Dubliner Trevor Butterworth, who now lives in Brooklyn, travels across the Atlantic every eight weeks to visit his parents. He said Gold Circle "was about the little things, but all the little things are gone". Despite his card being valid until May 17, he said he's now back to scratch with AerClub.
"It's a strange way to reward my loyalty," said Butterworth, a director at US non-profit organisation Sense About Science USA.
Initially flagged last November, the launch of AerClub - which is run in conjunction with Avios, which is owned by Aer Lingus' parent IAG - was delayed from earlier this year.
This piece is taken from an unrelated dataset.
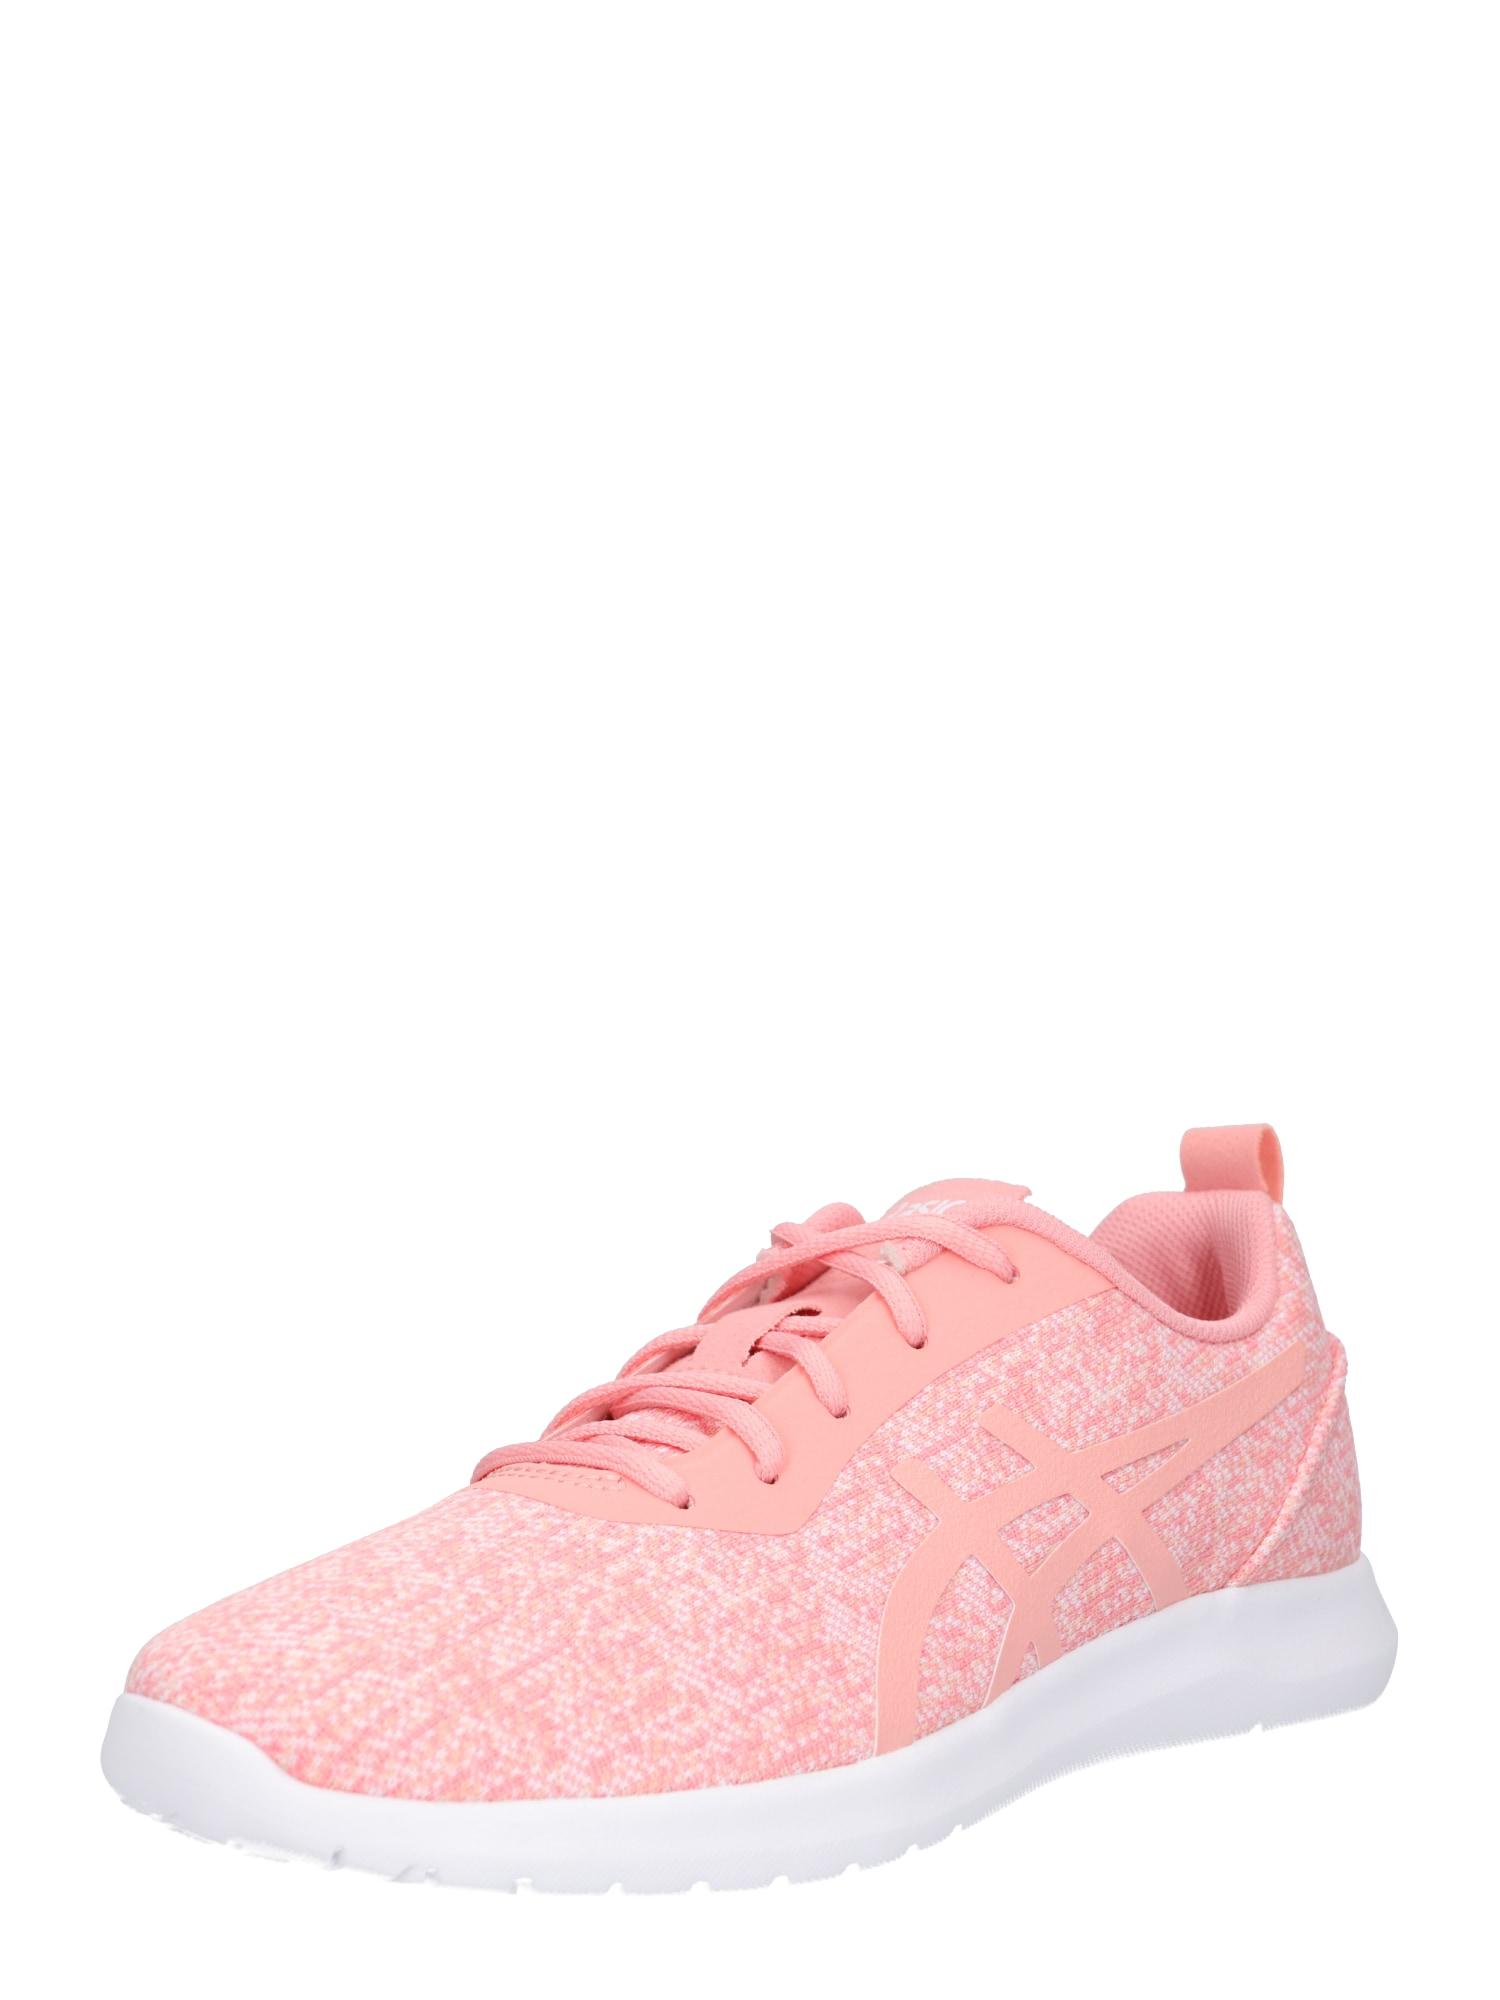 Běžecká obuv Kanmei 2 růžová ASICS

The airline said the new scheme would make it easier for customers to build up points (Avios points can be gained through booking flights on Aer Lingus, partner airlines such as British Airways and United, and buying goods in major store chains).
Every euro spent on an Aer Lingus flight (excluding taxes, fees and charges) equates to three Avios points. The airline said it's a fairer system for all kinds of travellers, as not all fare types in the past converted to air miles.
Despite some worries that reward points might expire after a calendar year, Aer Lingus said: "Only where members are not earning or redeeming points for 36 consecutive months will their Avios points then expire."
Alongside Avios reward points, members earn tier credits (which get the frills that business travellers need) based on their frequency and spend with Aer Lingus.
To get to the silver tier (the minimum to get perks such as lounge access), you'd need to take six one-way transatlantic trips on the lowest fare, or two in the much pricier business flex rate. But if the lowest price is a sale or promo fare, you'd need 12 one-way transatlantic trips to make it to silver.
Within Europe, you'd need to take 20 one-way flights at the lowest fare, or double that to 40 if the flight is on a sale or promo basis.
But while the new scheme may appeal to new entrants, frequent flyers like Butterworth feel past loyalty has been forgotten.
"This is a dysfunctional programme - I have other options and I might now look to Delta with its rewards scheme," he said.
Aer Lingus said in a statement that "Gold Circle memberships have been automatically migrated to AerClub and members have received an AerClub account number. Existing Gold Circle points were converted into Avios points - all Gold Circle Tier members received two Avios points for every one Gold Circle Point and these have been credited directly to their AerClub account."
But another angry customer, a social media strategist, is now shy of the points needed for silver tier under AerClub, despite being a frequent transatlantic flyer and saying "it's a keyboard click" from Aer Lingus to rectify the situation.
He said "all my old loyalty points have disappeared", and isn't happy that he's being treated the same "as someone just going from scratch who never bothered to fly with Aer Lingus".
He added: "If that's how they treat a customer, United can't be any worse - and they've a great app for their loyalty scheme."
But his lingering feeling about the national airline is common among those who spoke to the Sunday Independent: "I'd like to give the business to an Irish company."